Adsorption behavior of arsenicals on MIL-101(Fe): The role of arsenic chemical structures

Abstract

Arsenic species are regarded as typical water pollutants due to their toxicity. The chemical structures of arsenic species greatly influence their migration and transformation in the environment. Metal-organic frameworks (MOFs) are used as reliable adsorbents to control arsenic contamination, so it is urgently needed to study the effect of chemical structure of arsenic species during adsorption process. The adsorption behaviors of arsenate (As(V)) and its organic forms such as roxarsone (ROX), p-arsanilic acid (p-ASA) and dimethyl arsenate (DMA) by MIL-101(Fe), a type of highly porosity iron-based MOFs in aqueous environment were detailed investigated. The adsorption kinetics of those arsenic species on MIL-101(Fe) is rapid followed with pseudo-second-order kinetic model. MIL-101(Fe) exhibits excellent adsorption capacities for As(V), ROX, p-ASA and DMA with maximum adsorption capacities of 232.98, 507.97, 379.65 and 158.94 mg g−1, respectively. The formed FeOAs inner-sphere coordination between arsenic species and the incomplete-coordinated cationic Fe in the MIL-101(Fe) cluster is the primary adsorption mechanism based on FTIR and XPS analysis.
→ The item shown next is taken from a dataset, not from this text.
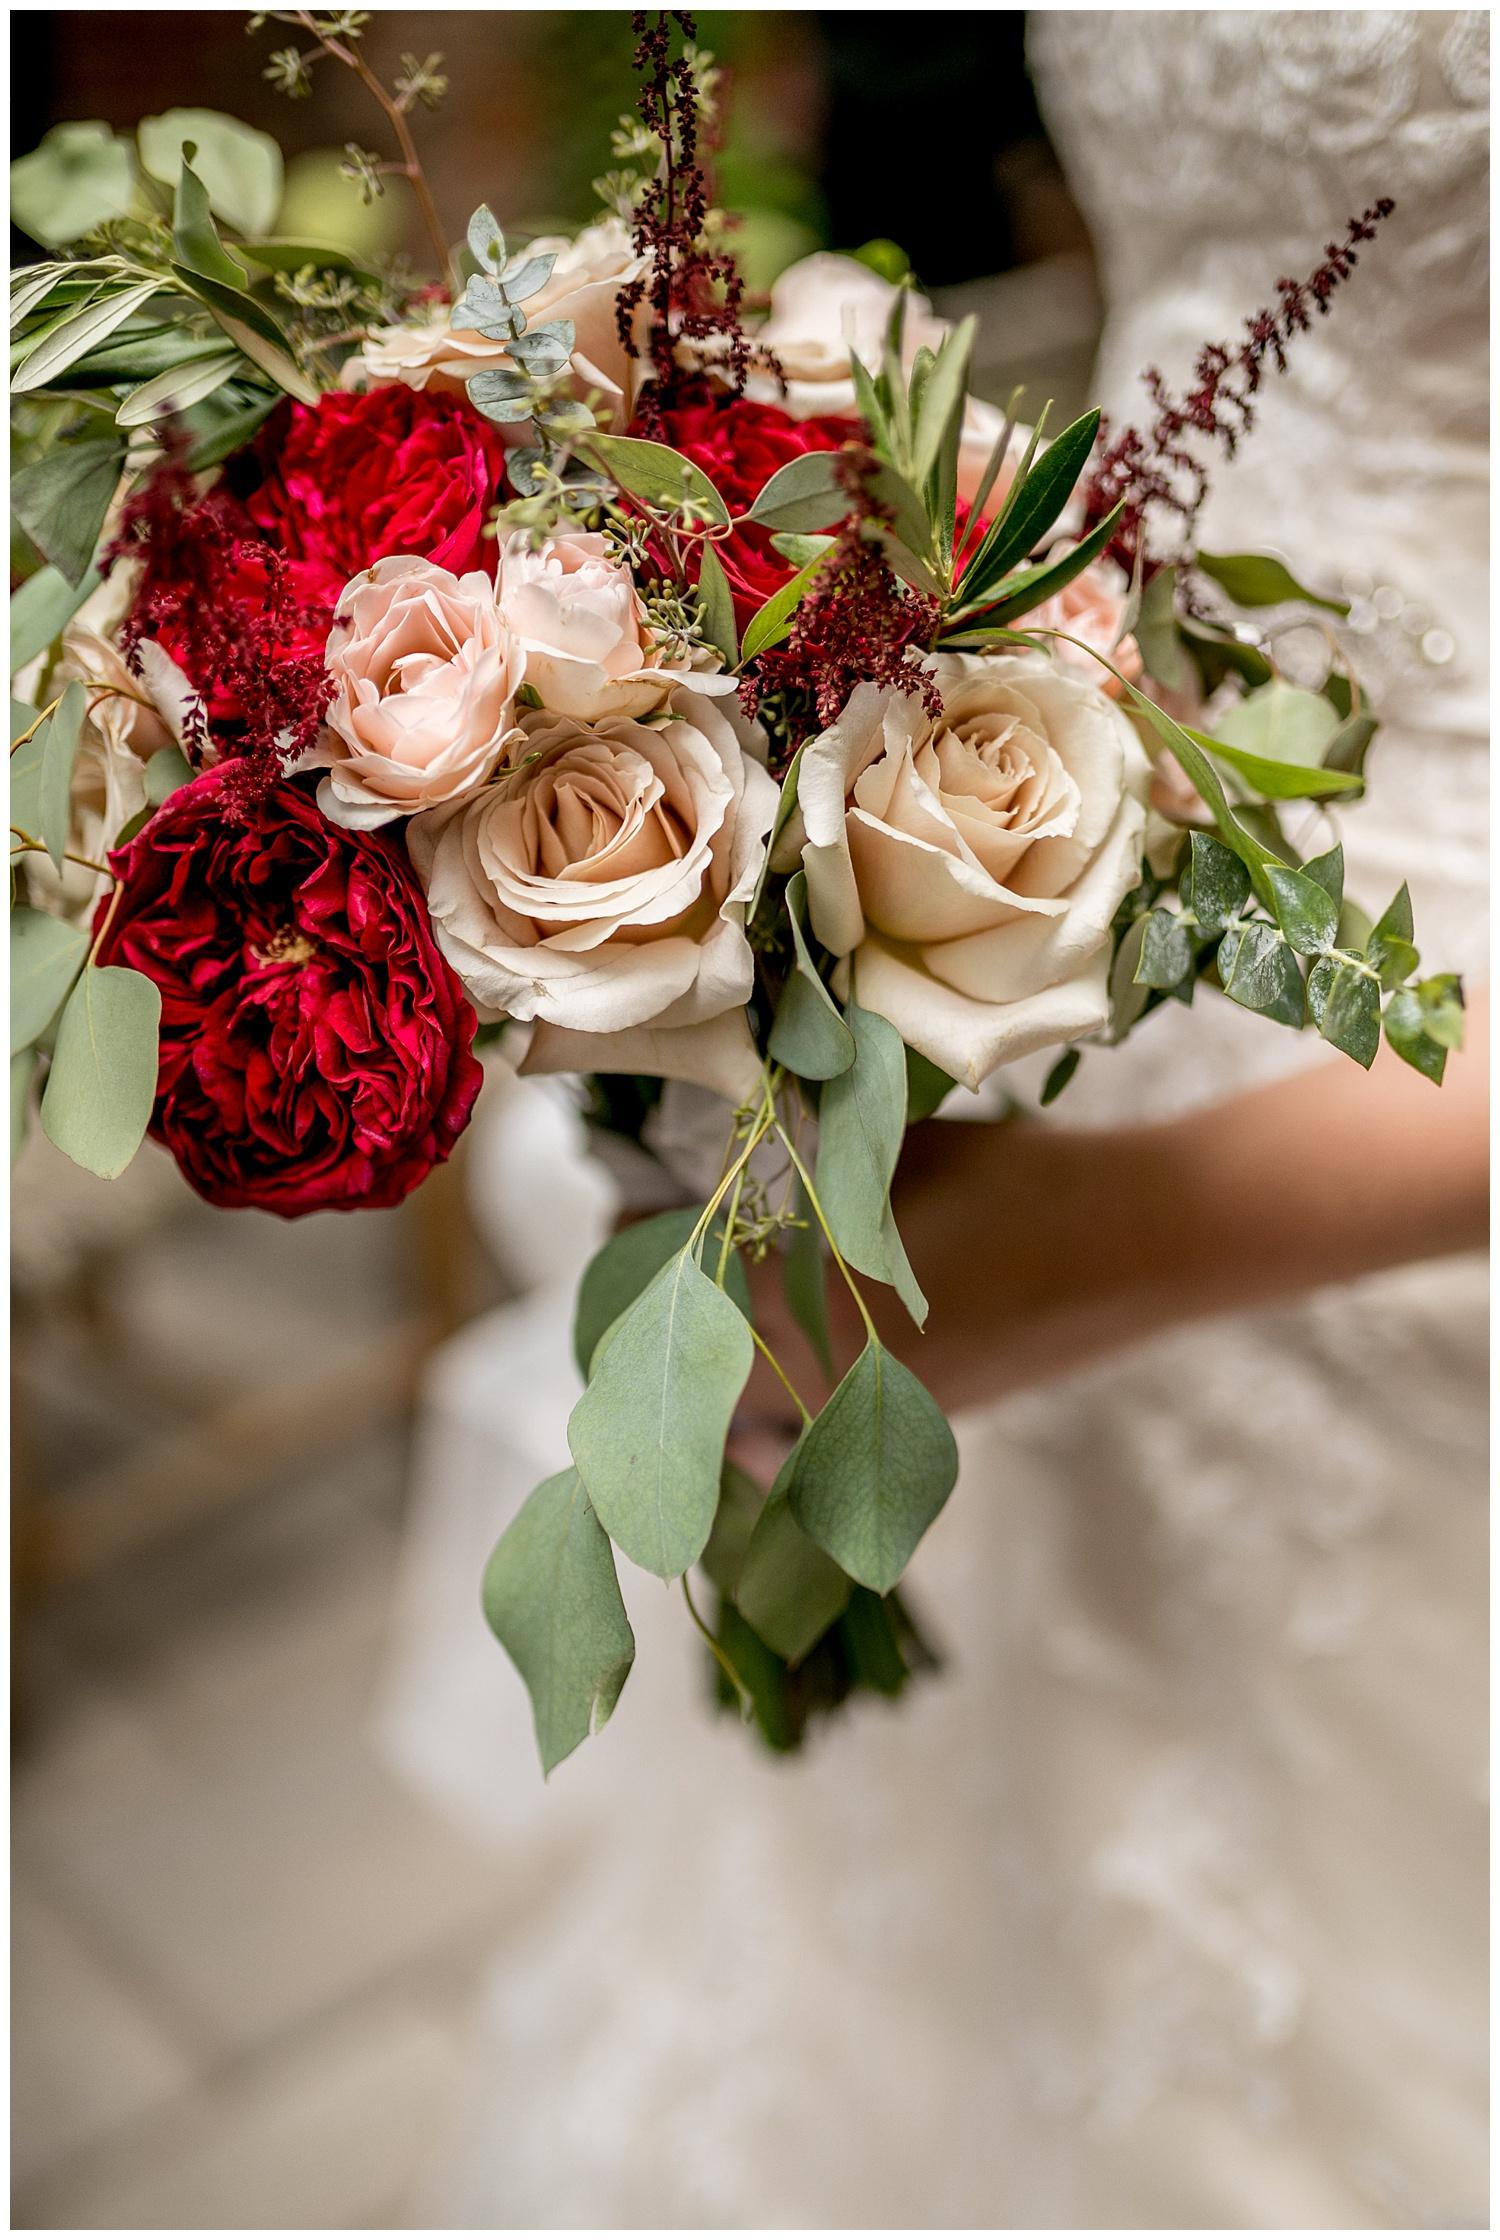 TheSmythCollective-Best-Cincinnati-Wedding-Photographer-Urban-Downtown-Covington-Wedding-26.jpg

Substituent aromatic units in ROX and p-ASA strengthen the adsorption on MIL-101(Fe) through hydrogen bonds and π-π stacking interaction, resulting in higher adsorption capacities far beyond that of As(V) and DMA. The reusability of MIL-101(Fe) is limited by the strong FeOAs coordination. These results confirm MIL-101(Fe) a reliable adsorbent to control the aqueous arsenic species contamination and emphasize the significant role of the chemical structure of arsenic speciation on adsorption performances of MOFs.